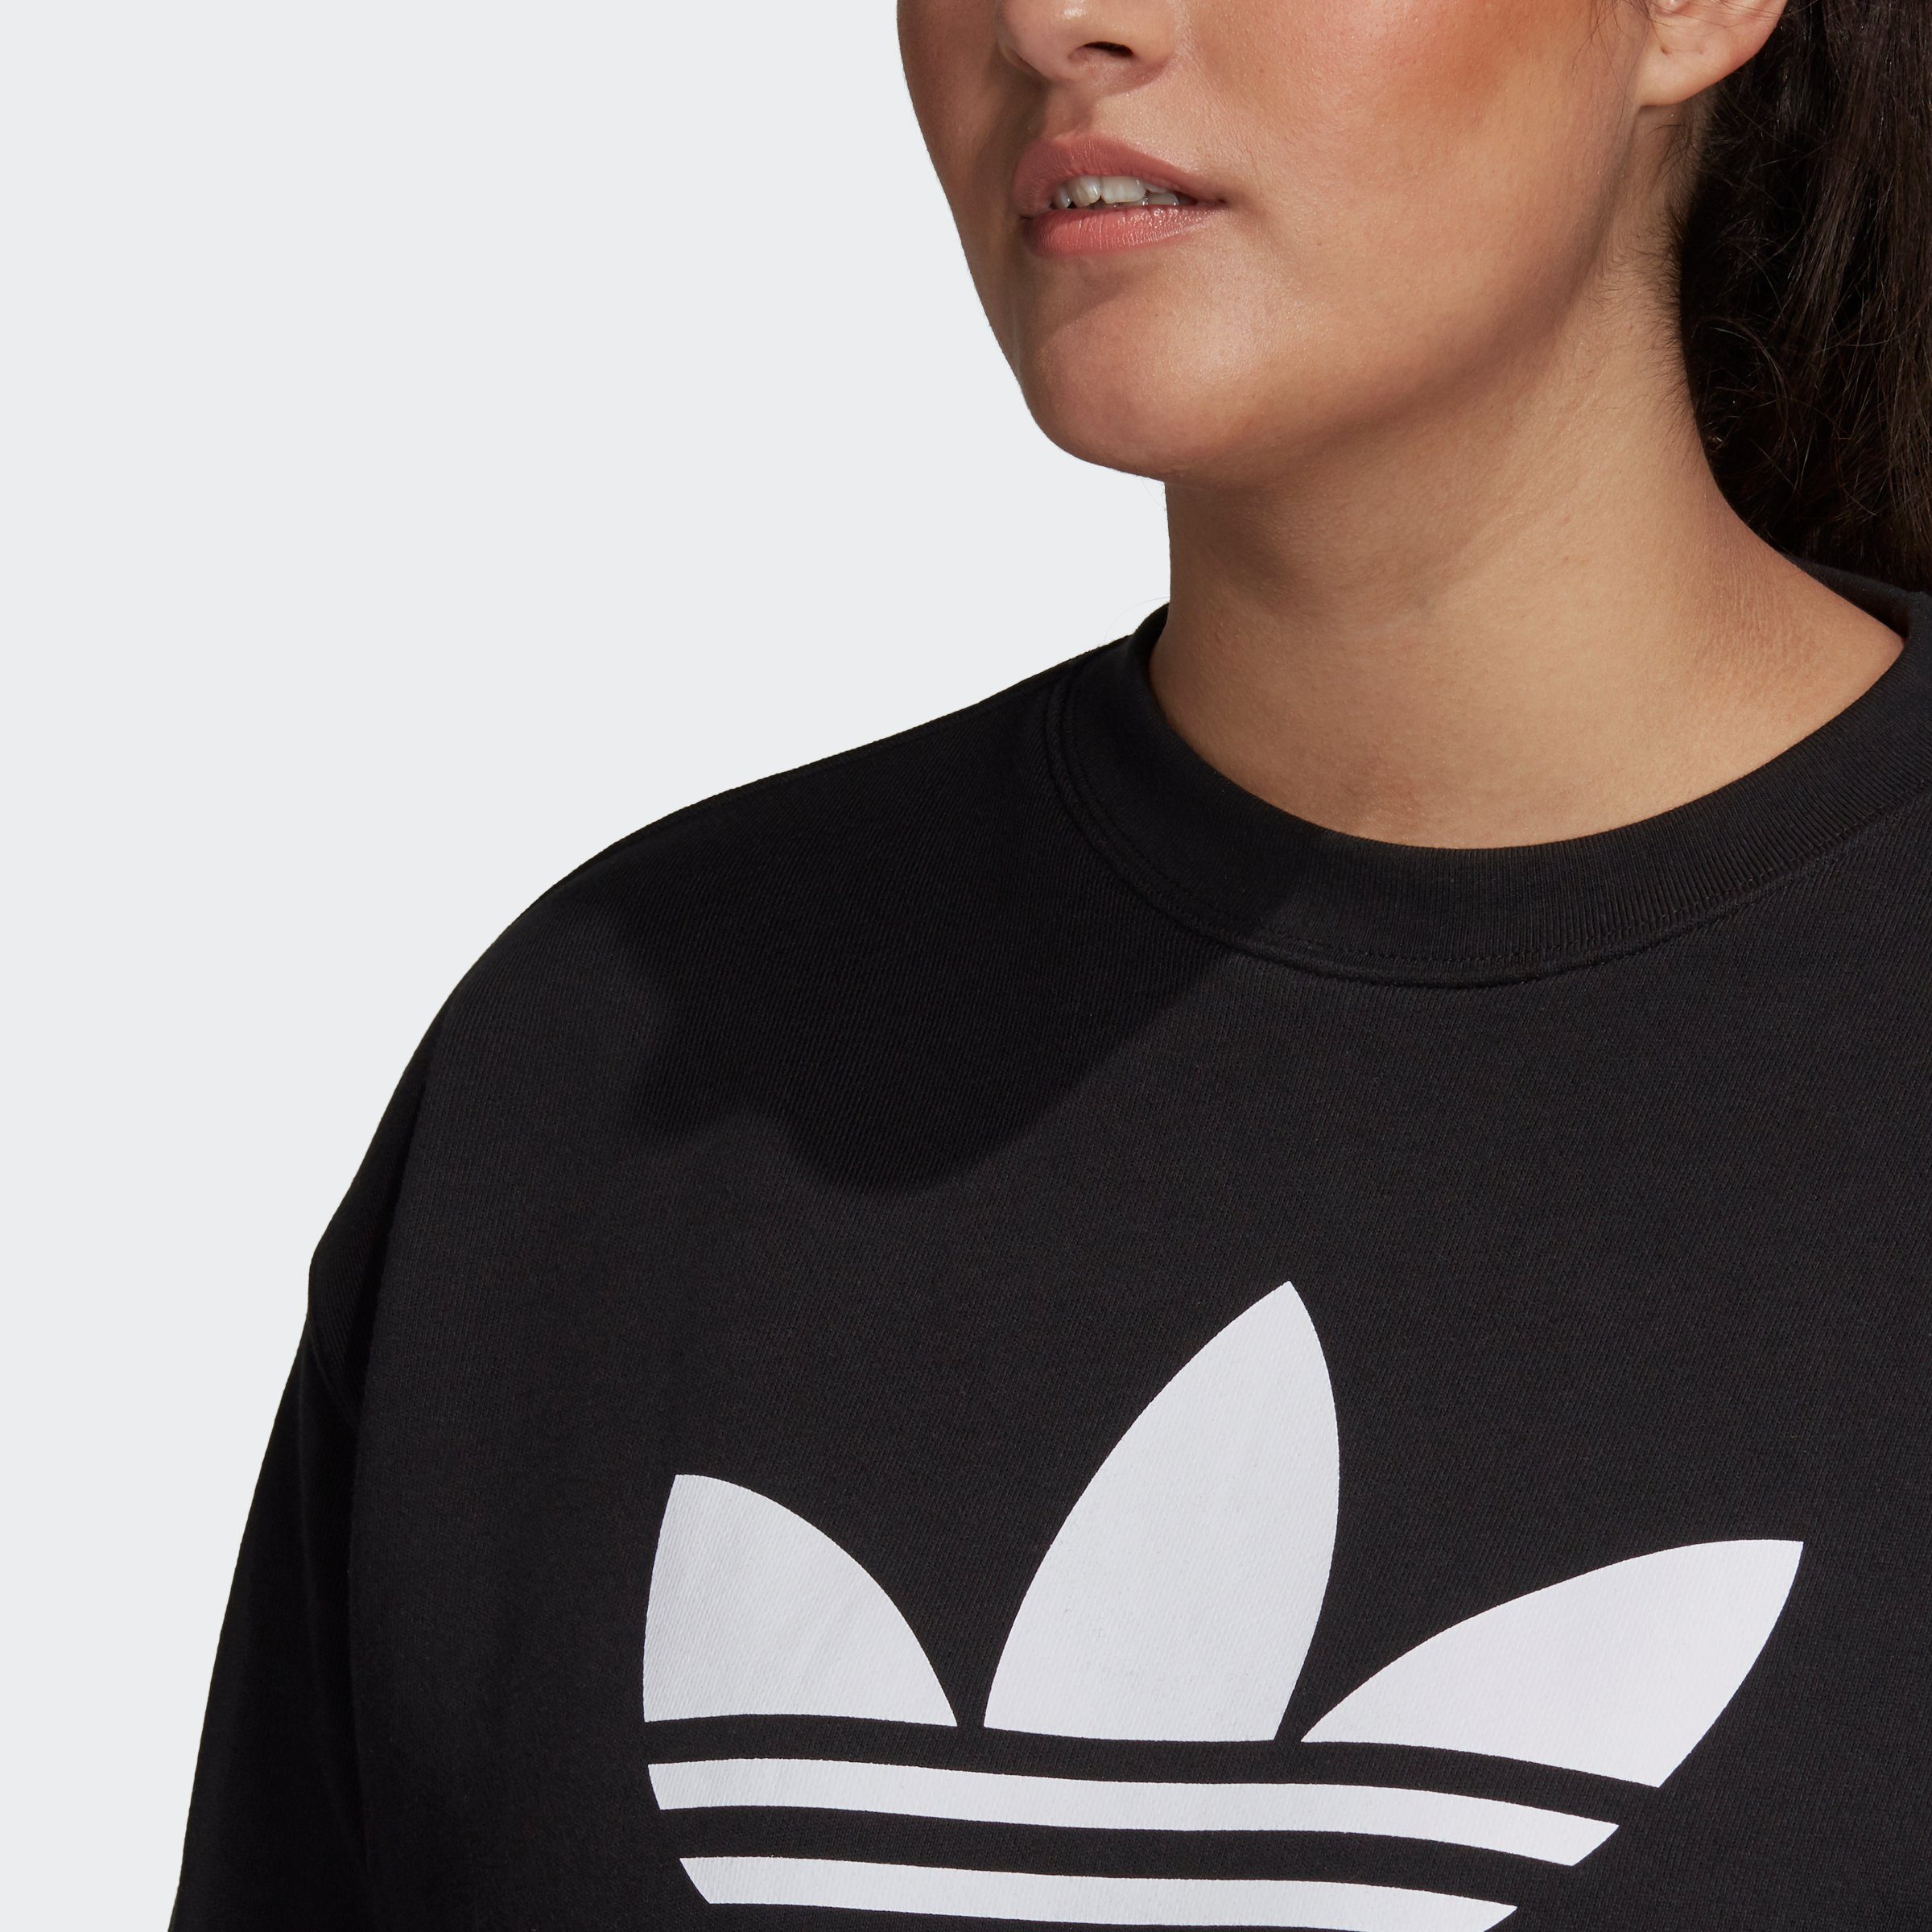 adidas Sweatshirt – BLACK/WHITE GRÖSSEN GROSSE TREFOIL Originals
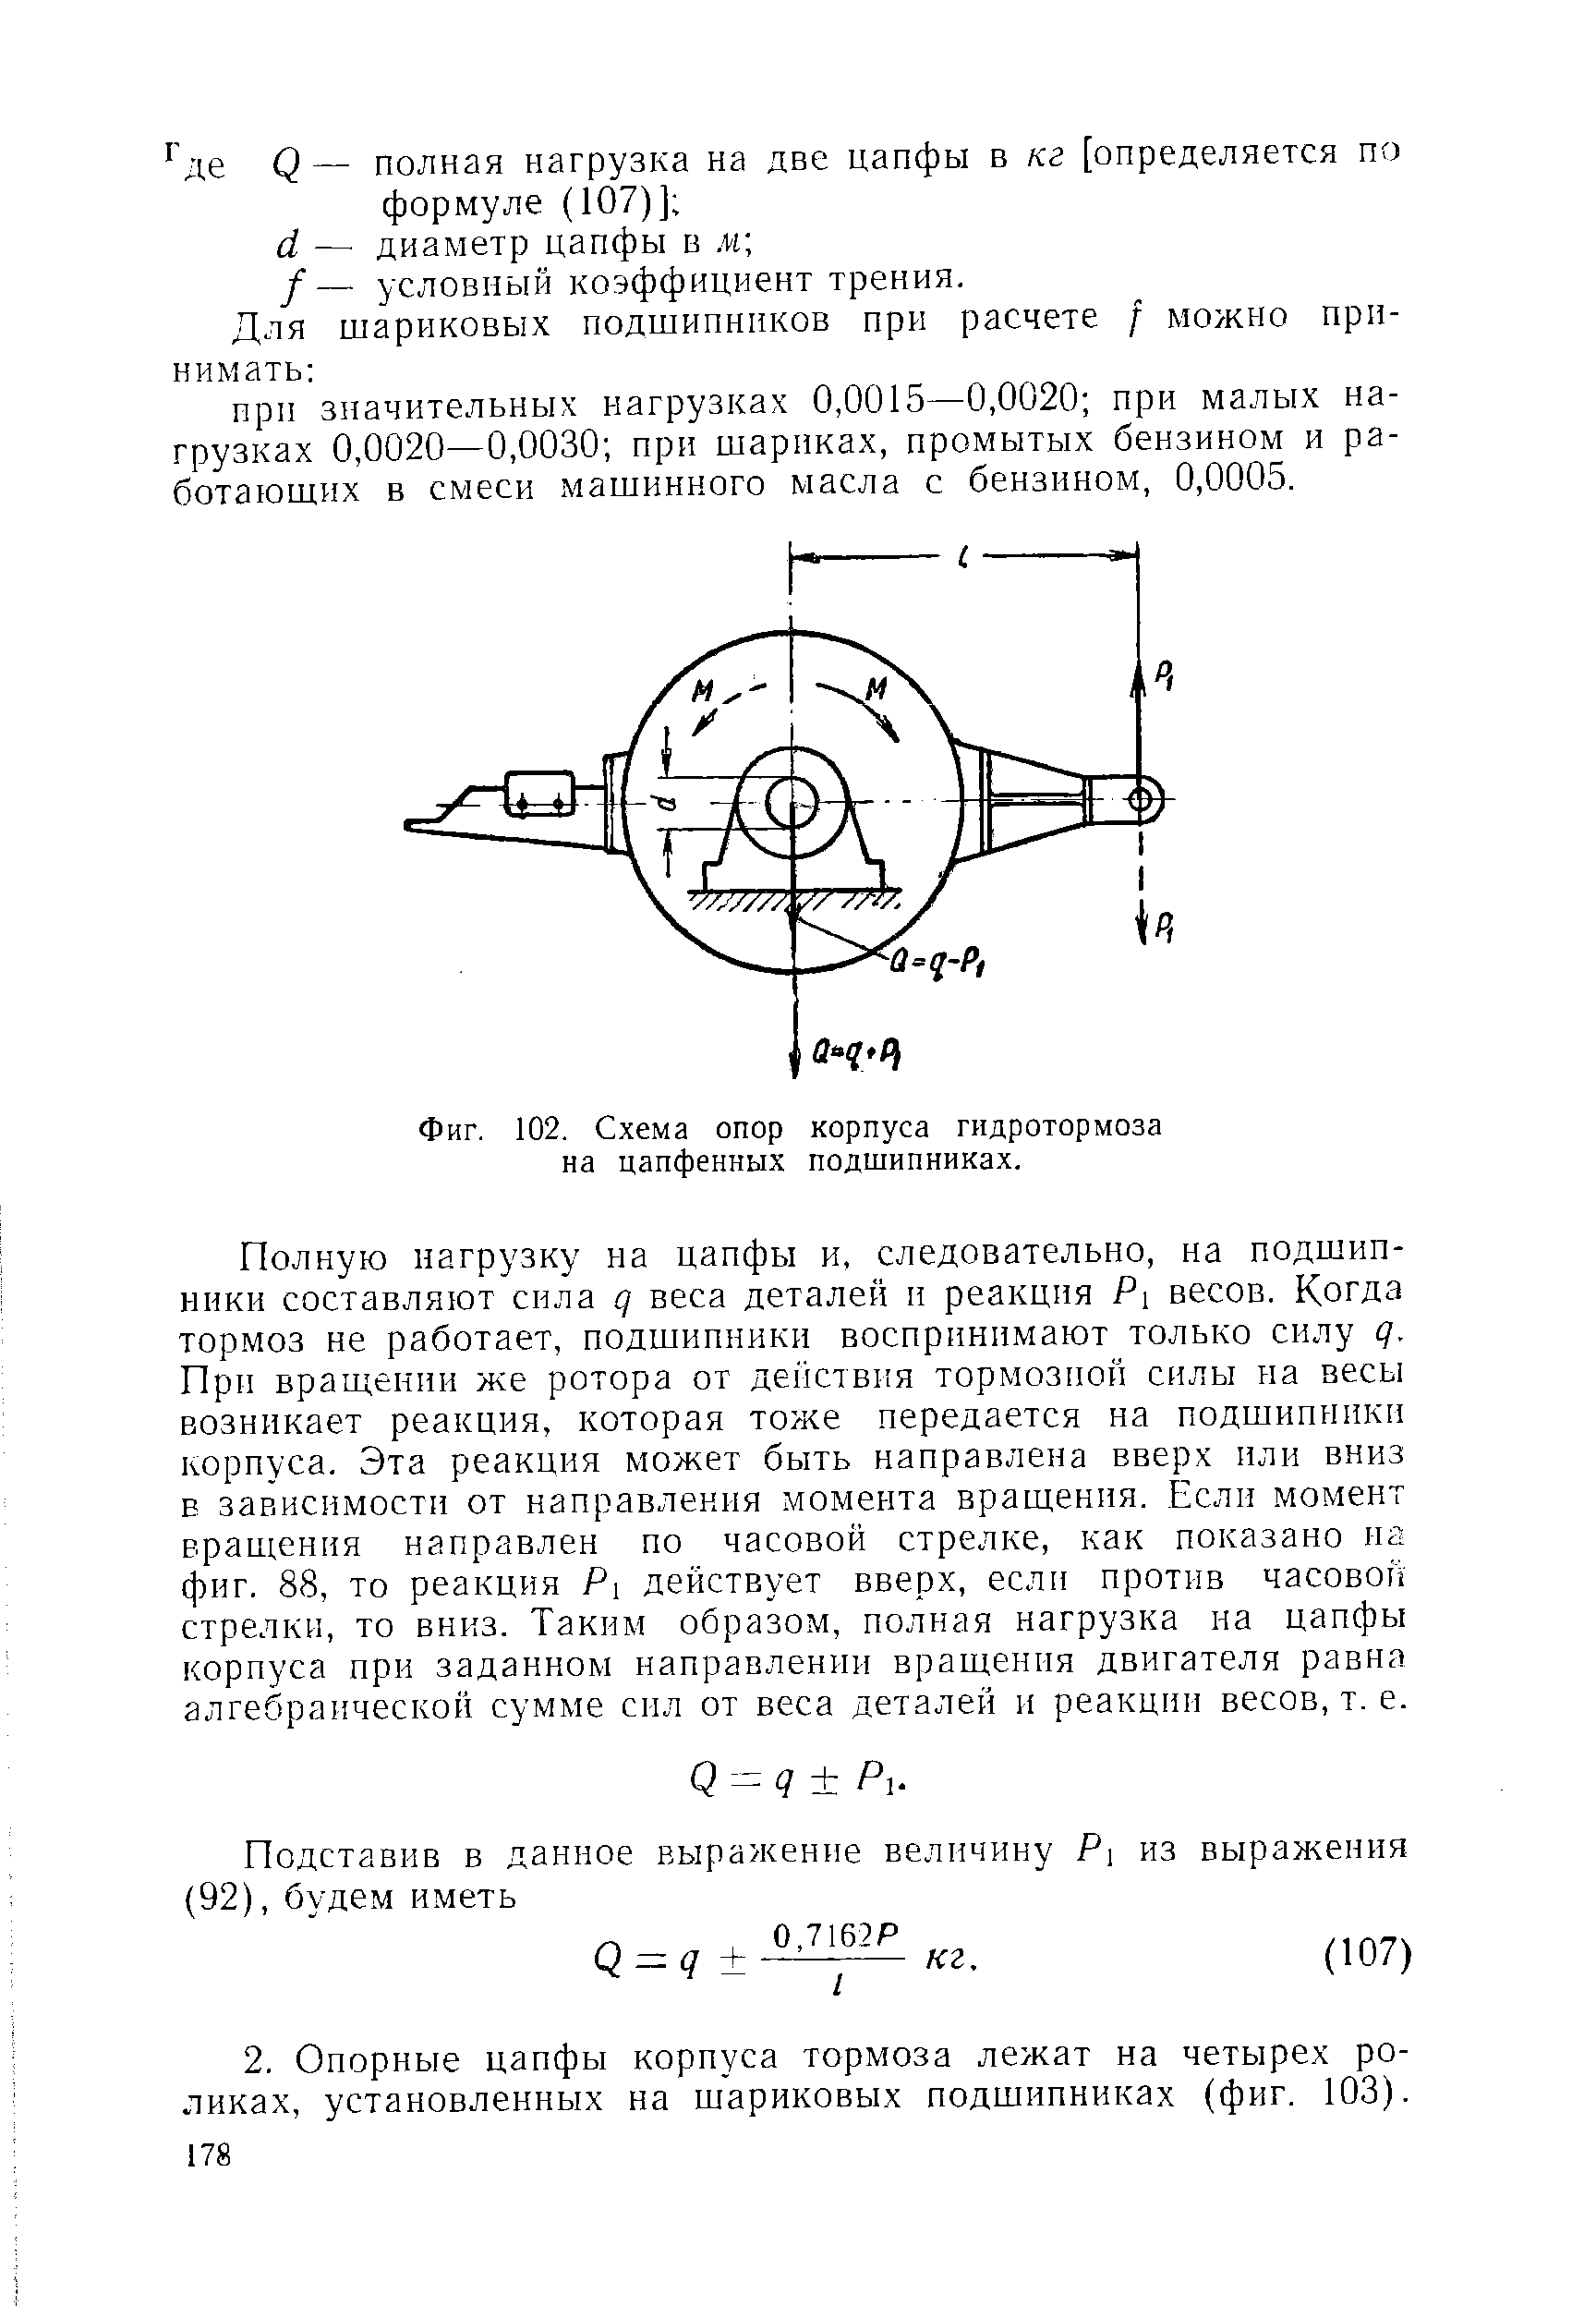 Фиг. 102. Схема опор корпуса гидротормоза на цапфенных подшипниках.
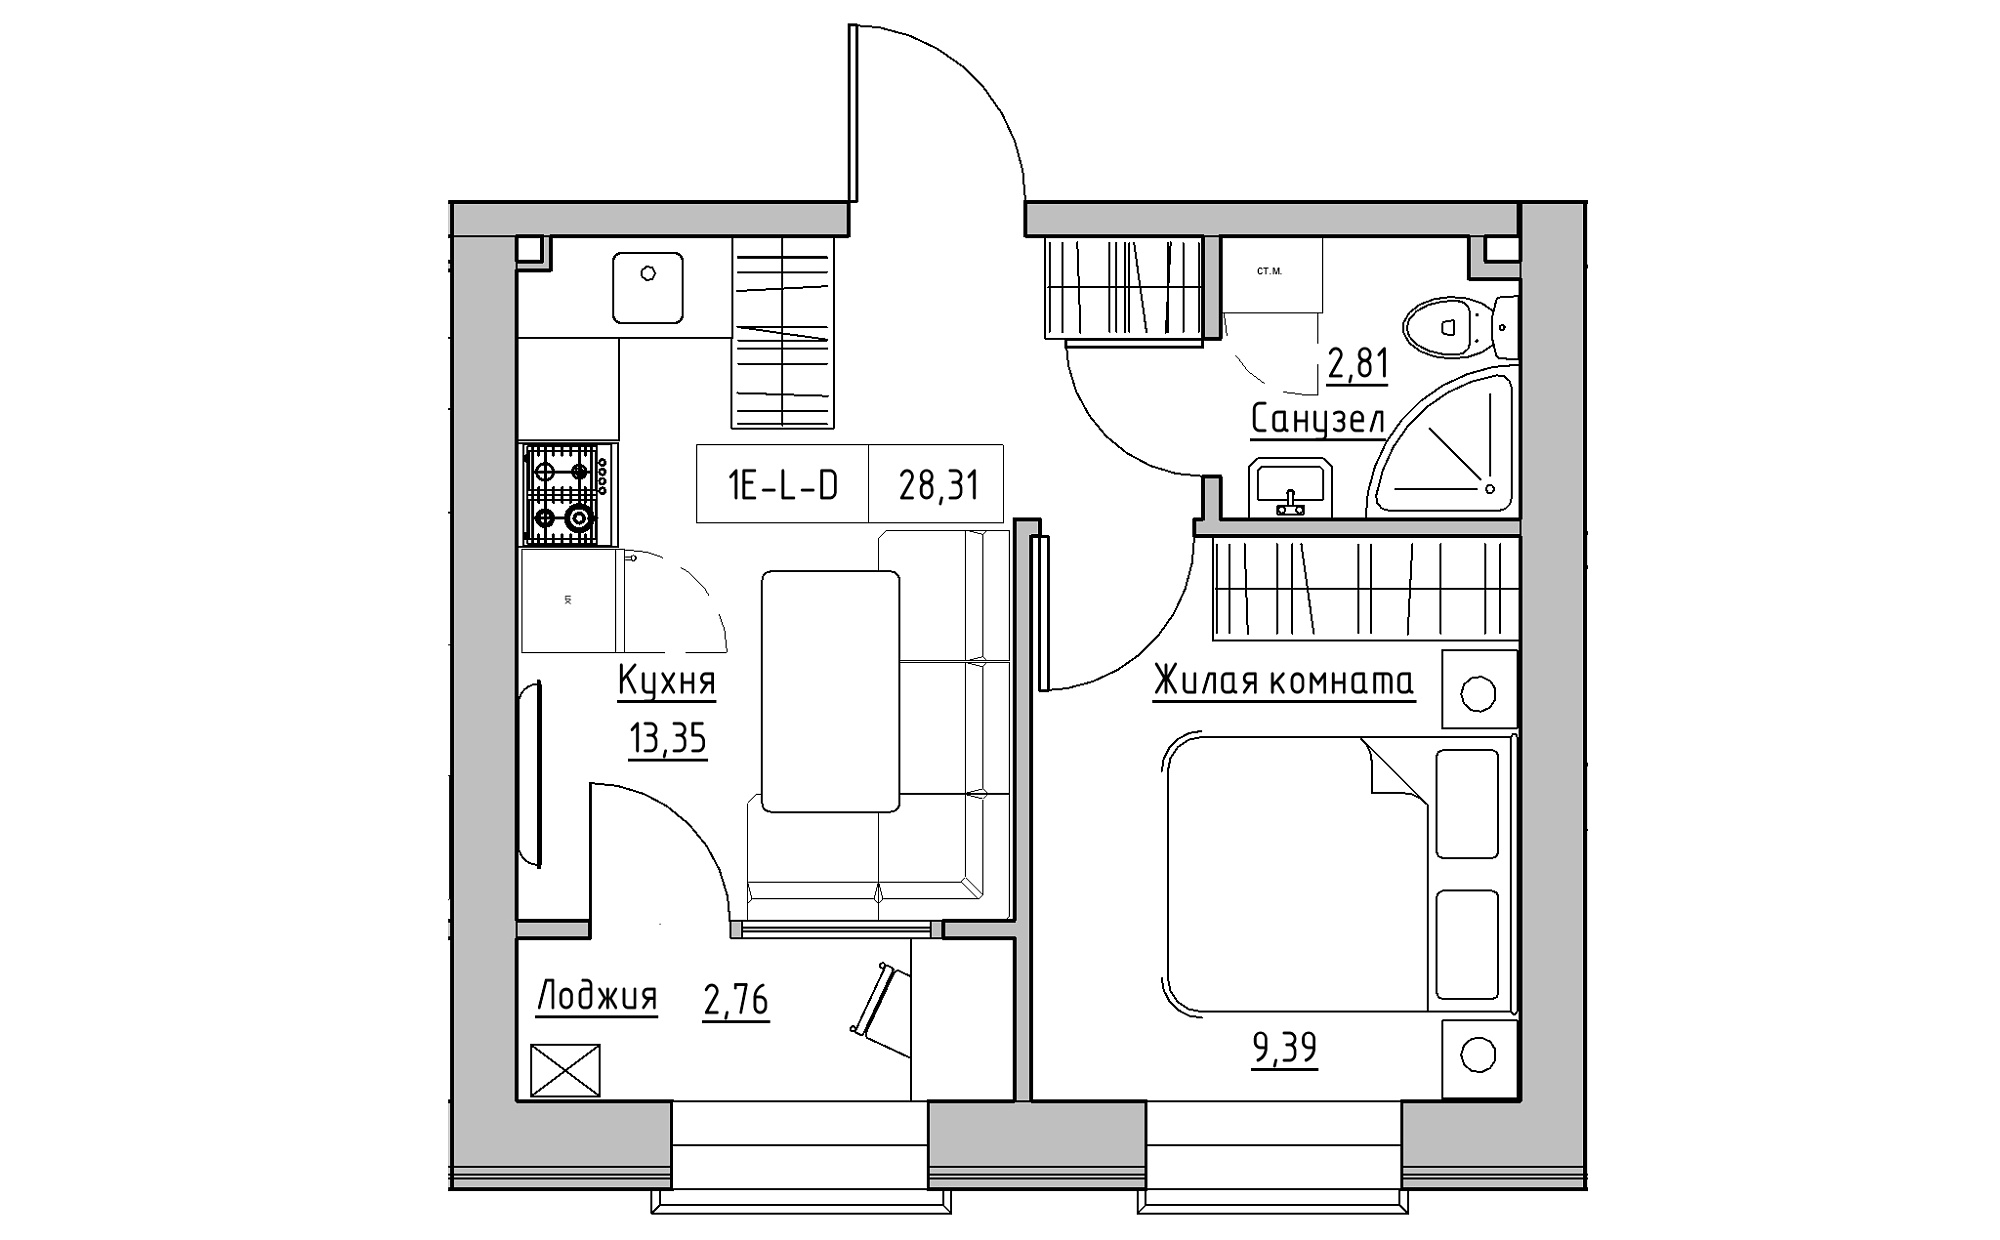 Планування 1-к квартира площею 28.31м2, KS-022-05/0001.

-------------------------

**WHAT IS BEING ASKED:** The answer is the full listing above, reproduced character for character, minus its images.

**SOLUTION FOR THIS EXERCISE:**
 adidas Sweatshirt – BLACK/WHITE GRÖSSEN GROSSE TREFOIL Originals
 Фиг. 102. Схема опор корпуса гидротормоза на цапфенных подшипниках.
 Планування 1-к квартира площею 28.31м2, KS-022-05/0001.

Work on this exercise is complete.